Theoretical maximum IOP rate for this unit, assuming the vendors don’t … er … embellish too badly … is about 2.4M IOPs. After putting them into RAID5’s best possible case should be 2.1M IOPs.

What do we achieve?

Roughly 1/10th that number. For 8k random reads across files much larger than RAM. Well … thats using the HBAs. Using the RAID cards, its 1/30th that number.

And we see that 1/10th number again and again in our measurements. Doesn’t matter what we measure, the IOP rates never come close to the theoretical max, and are always hovering around 10% of it.

This suggests a nice rule of thumb. Take whatever they promise, and shift the decimal once to the left. That will be more along the IOP rate you will achieve.

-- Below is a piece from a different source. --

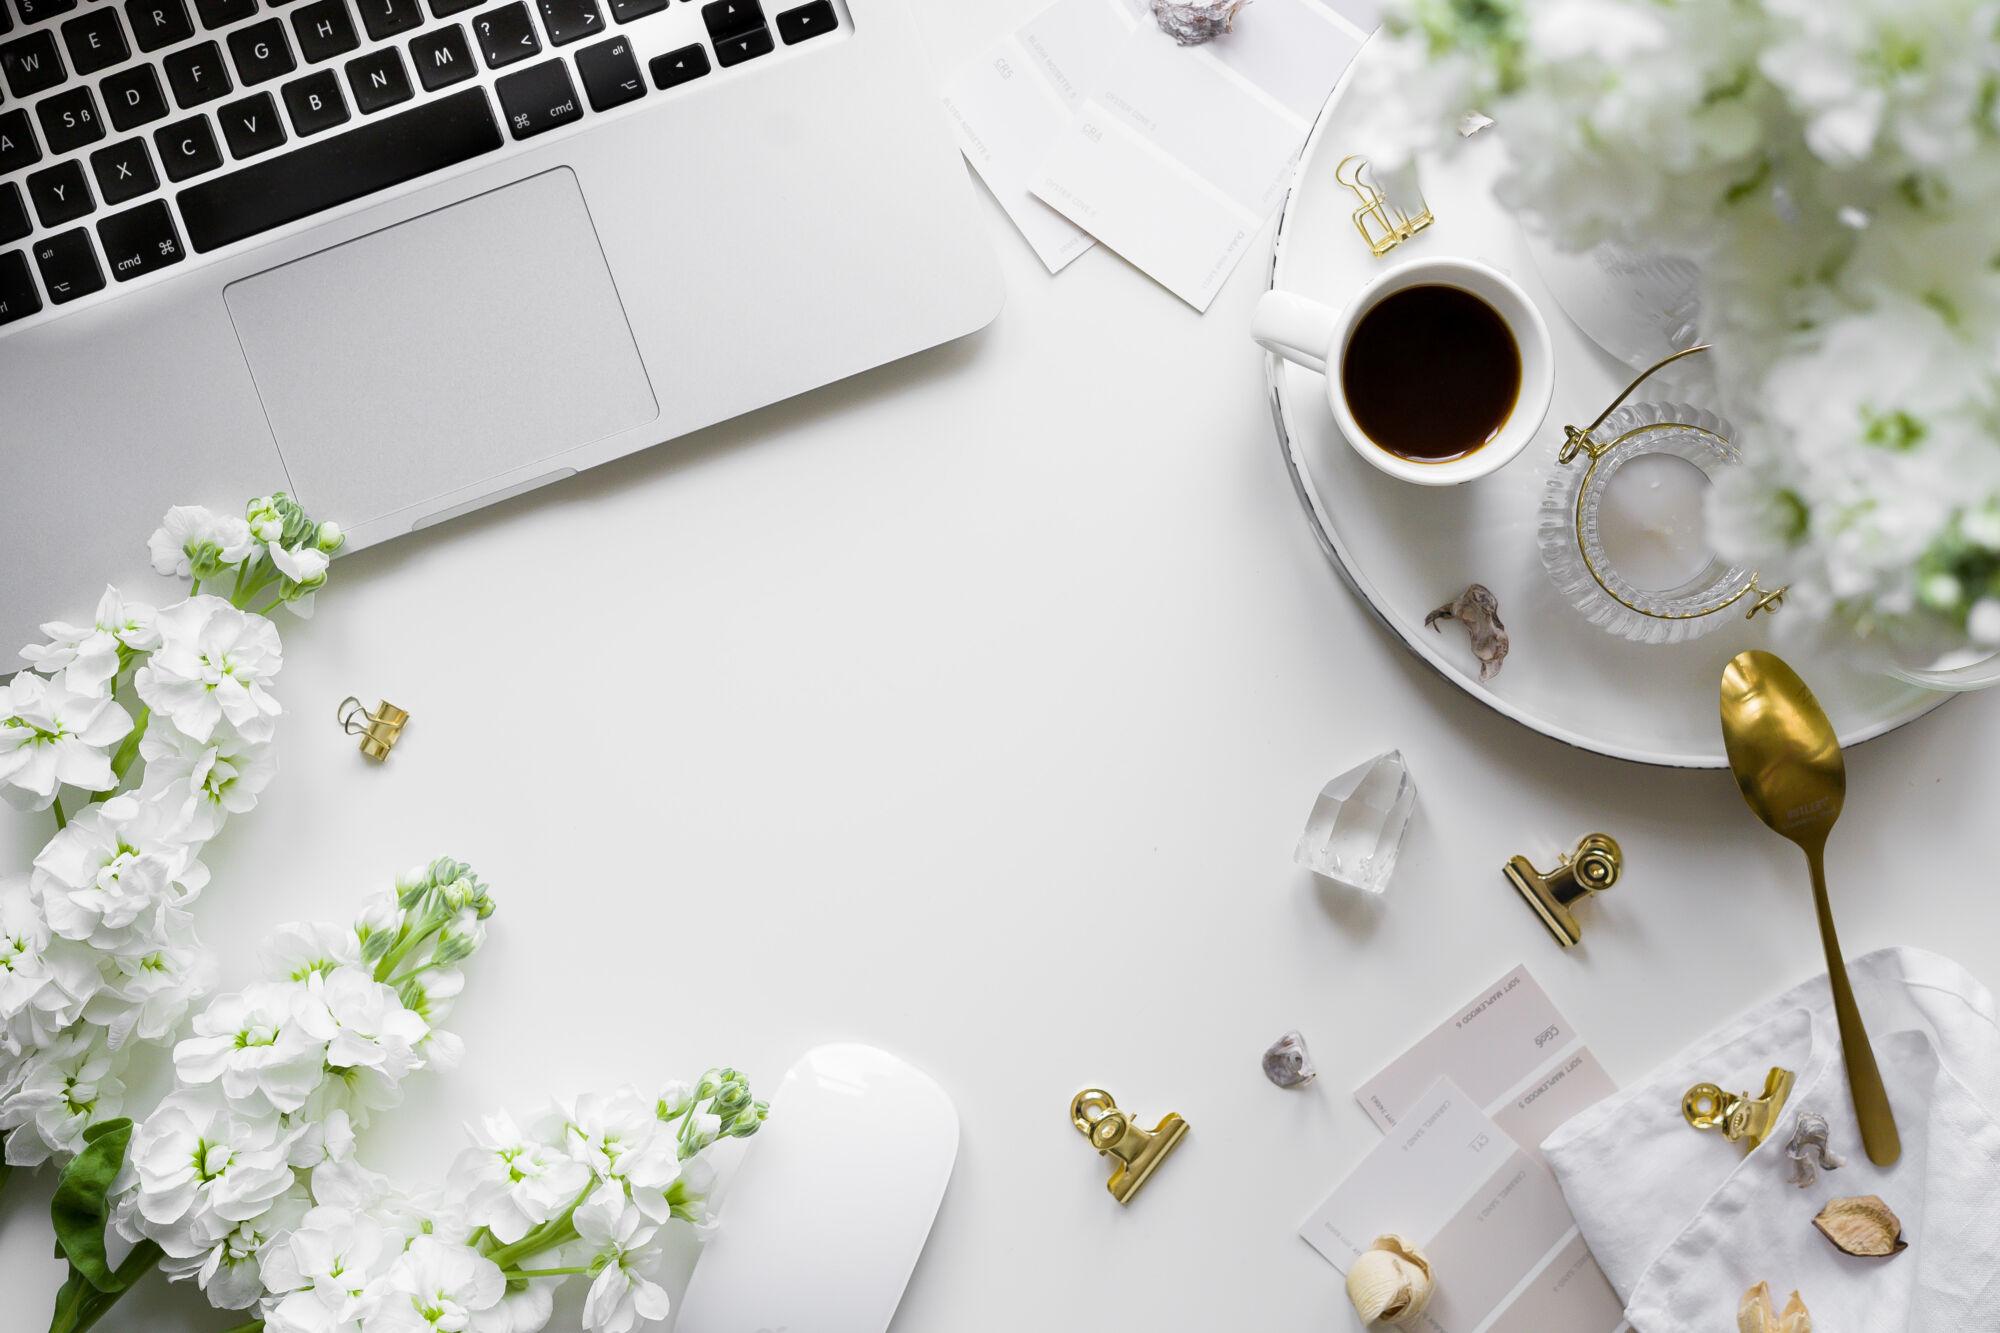 flatlay slaptopem, kávou abílými matiolami

What about with Flash cards?

There we have seen numbers from 100k-1M IOPs. For the Virident cards, we’ve measured, the numbers quoted were what we achieved without heroics.

Remember I indicated I found a very legitimate reason for PCIe cards? Well, its IOPs. Streaming … not so much, we can get decent stream performance out of spinning rust. No real advantage to SSD or Flash there. But IOPs … yeah … IOPs.

SSDs are in the $2.50 +/- 0.5 USD/GB region today. SLC flash ranges up to $50/GB, and MLC flash is on the order of call it $20/GB or less. Actually this varies quite a bit as well. I can’t talk publicly about some of the pricing we’ve seen, but its getting interesting.

So, a $2/GB SSD unit is, in reality in the 5-10k IOP region for applications (not meaningless benchmarks). A $50/GB Flash unit (25x the pricing) is in the 300k-1M IOP range for applications. 50-100x the performance.

If you look at it this way, for IOP heavy apps, the Flash pricing isn’t outrageous. But you have to compare similar things to understand this. Don’t compare them to 7200RPM spinning rust for bulk data service. Thats not what flash is good at. Compare it to the IOP heavy apps, where that poor spinning rust disk is maxing out at 110 IOPs, and the SSD is crusing along at 50-100x that, while the PCIe flash cruises along at 25-50x that of the SSD.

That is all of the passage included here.